Nicht nur innerhalb Deutschlands, sondern auch international ist Datenschutz ein schwieriges Terrain. Dennoch sind die Grundlagen für einen sicheren Umgang bei Rotary Deutschland bereits gelegt. „Wir sind auf einem guten Weg“, ist Wilma Heim überzeugt. „Das Wichtigste bleibt, dass alle Rotarier erkennen, dass die Arbeit mit unseren Daten sorgfältig geregelt werden muss.“

Ein ganz sensibles Thema ist der Umgang der Clubs mit dem Wochenbericht. Manche Sekretäre schreiben ausführlich über alle angesprochenen Themen, darunter durchaus auch persönliche Mitteilungen von Mitgliedern, und schicken diese Protokolle an einen Verteiler, der über die Clubmitglieder oft hinausgeht. Hier empfiehlt es sich den Bericht aufzuteilen in einen allgemeinen Bericht für Außenstehende und einen ausführlicheren für den internen Kreis. Dasselbe gilt für die Protokolle von Clubversammlungen. Unter Datenschutz fallen übrigens auch Fotos, die zum Beispiel den Wochenbericht illustrieren sollen. Hier muss – ebenso wie bei der Verwendung auf Club-Websites – die Erlaubnis der abgebildeten Personen eingeholt werden.

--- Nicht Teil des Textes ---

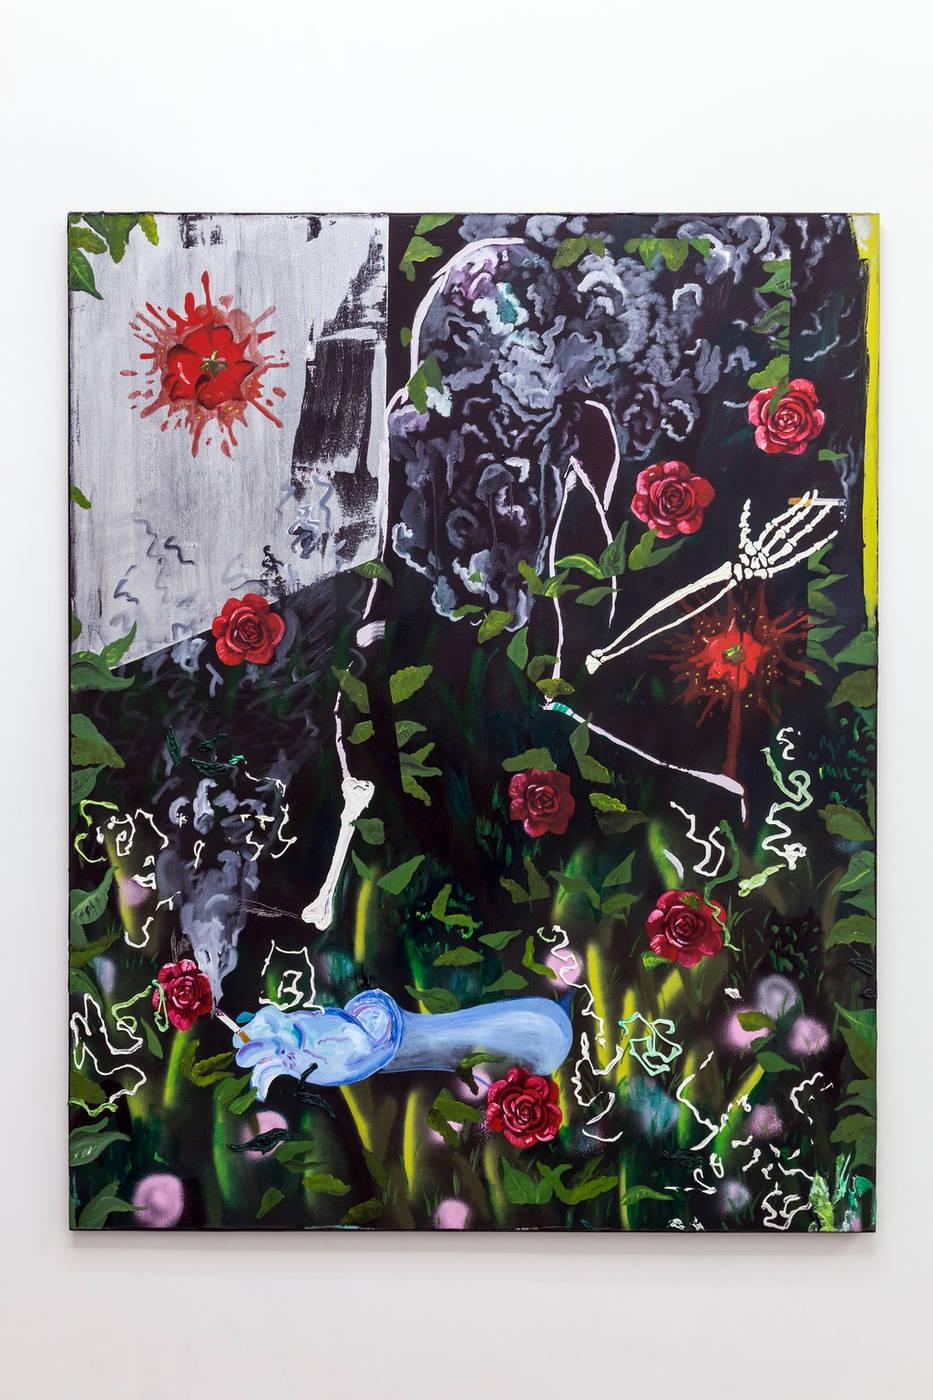 Morgan Mandalay Mixed reviews, 2016 oil, acrylic paint and spray paint on canvas 163 x 152 cm courtesy Acappella anc D. Donzelli ph.

Eine weitere Unart, die Datenschützern auffällt, ist die Versendung von offenen Teilnehmerlisten etwa von Distriktveranstaltungen. Auch wenn man gerne vorher weiß, wer noch kommt –, es geht keinen etwas an. Dasselbe gilt beim Versand von E-Mails: Es ist nicht statthaft, bei Rundmails die E-Mail-Adressen aller Adressaten sichtbar zu machen. Stattdessen sollte der Absender sich selbst anschreiben und die Empfänger unter Blindkopie (bcc) aufführen. Im Text sollte dann allerdings der Empfängerkreis benannt werden.

Matthias Schütt

Matthias Schütt ist selbständiger Journalist und Lektor. Von 1994 bis 2008 war er Mitglied der Redaktion des Rotary Magazins, die letzten sieben Jahre als verantwortlicher Redakteur. Seither ist er rotarischer Korrespondent des Rotary Magazins und seit 2006 außerdem Distriktberichterstatter für den Distrikt 1940.